Arch Pharm Res. 2017 Nov;40(11):1314-1327. doi: 10.1007/s12272-017-0970-6. Epub 2017 Oct 12.
8
Looking Back, Looking Forward at Halogen Bonding in Drug Discovery.回首过去,展望药物发现中的卤键作用。
Molecules. 2017 Aug 24;22(9):1397. doi: 10.3390/molecules22091397.
9
Marinocyanins, cytotoxic bromo-phenazinone meroterpenoids from a marine bacterium from the streptomycete clade MAR4.海洋花青素,一种来自链霉菌属进化枝MAR4的海洋细菌产生的具有细胞毒性的溴代吩嗪酮杂萜类化合物。

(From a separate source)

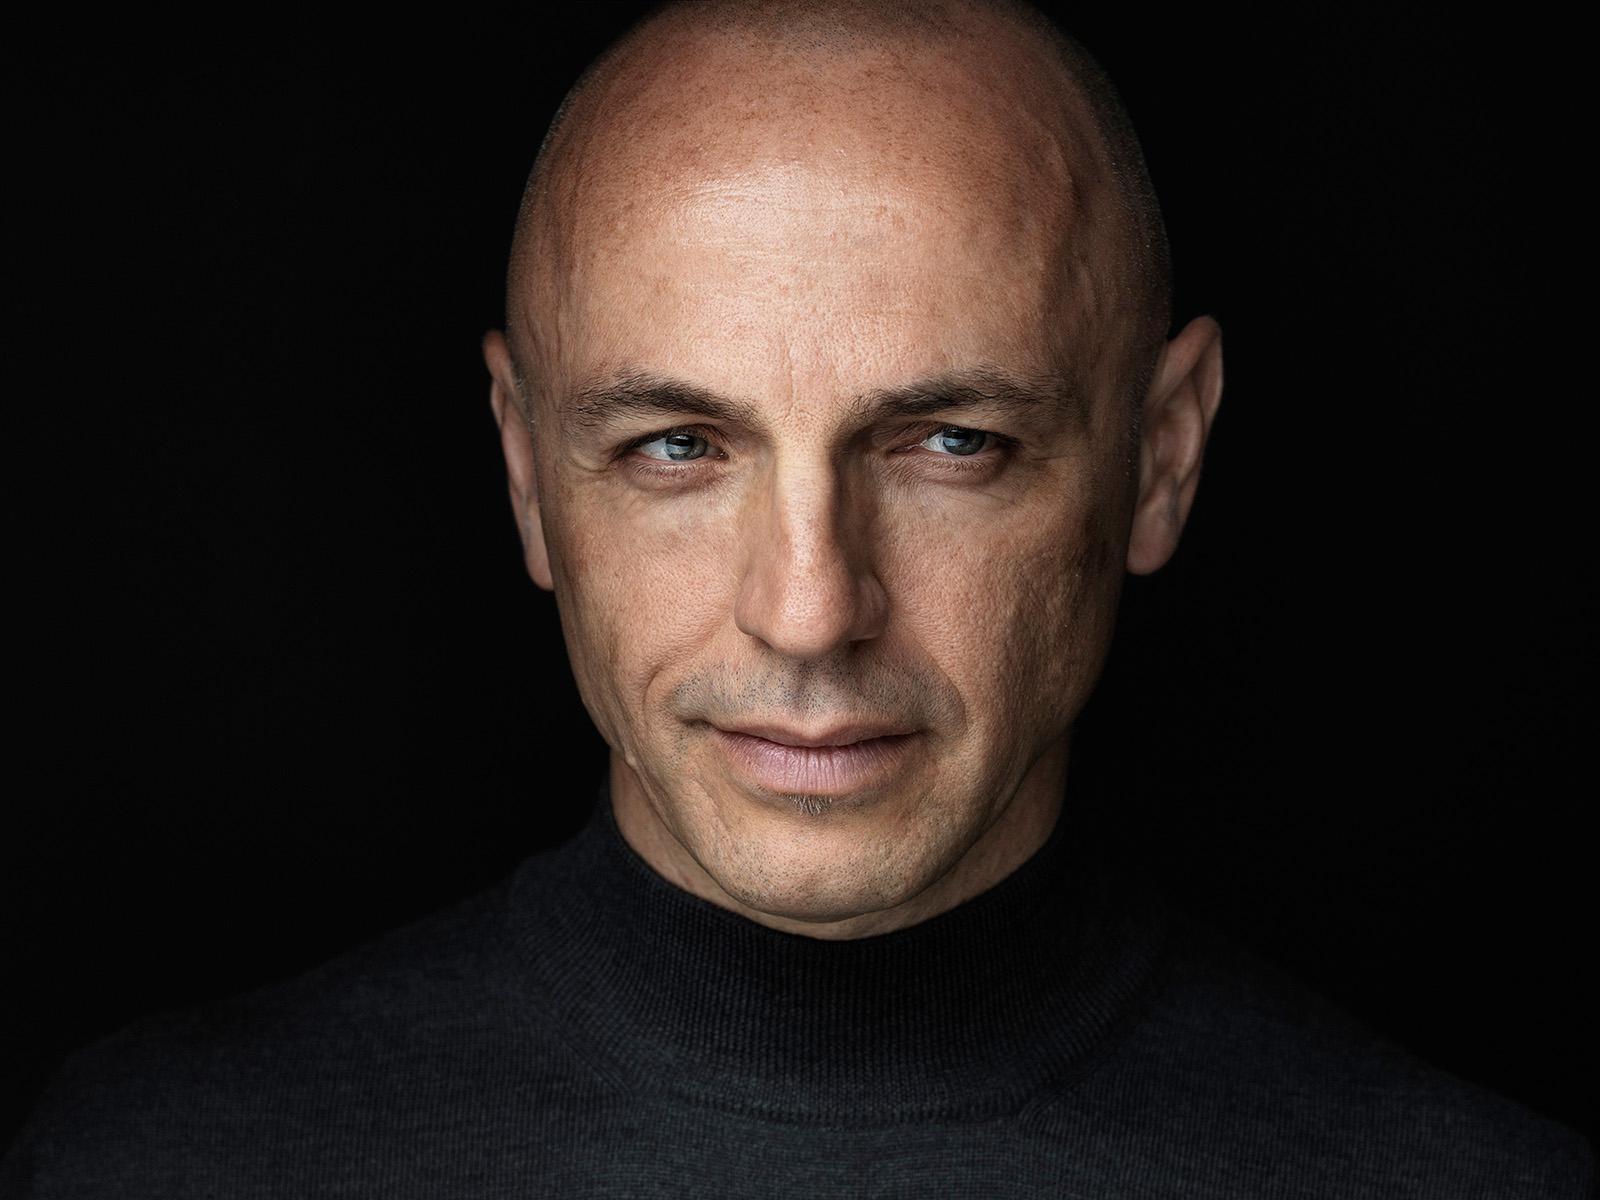 Montreal Portrait and Headshot Photographer Vadim Daniel

Tetrahedron. 2017 Apr 20;73(16):2234-2241. doi: 10.1016/j.tet.2017.03.003. Epub 2017 Mar 6.
10
α-Glucosidase inhibitory effect of Potentilla astracanica and some isoflavones: Inhibition kinetics and mechanistic insights through in vitro and in silico studies.金露梅及其异黄酮对 α-葡萄糖苷酶的抑制作用:通过体外和计算研究的抑制动力学和机制见解。
Int J Biol Macromol. 2017 Dec;105(Pt 1):1062-1070. doi: 10.1016/j.ijbiomac.2017.07.132. Epub 2017 Jul 27.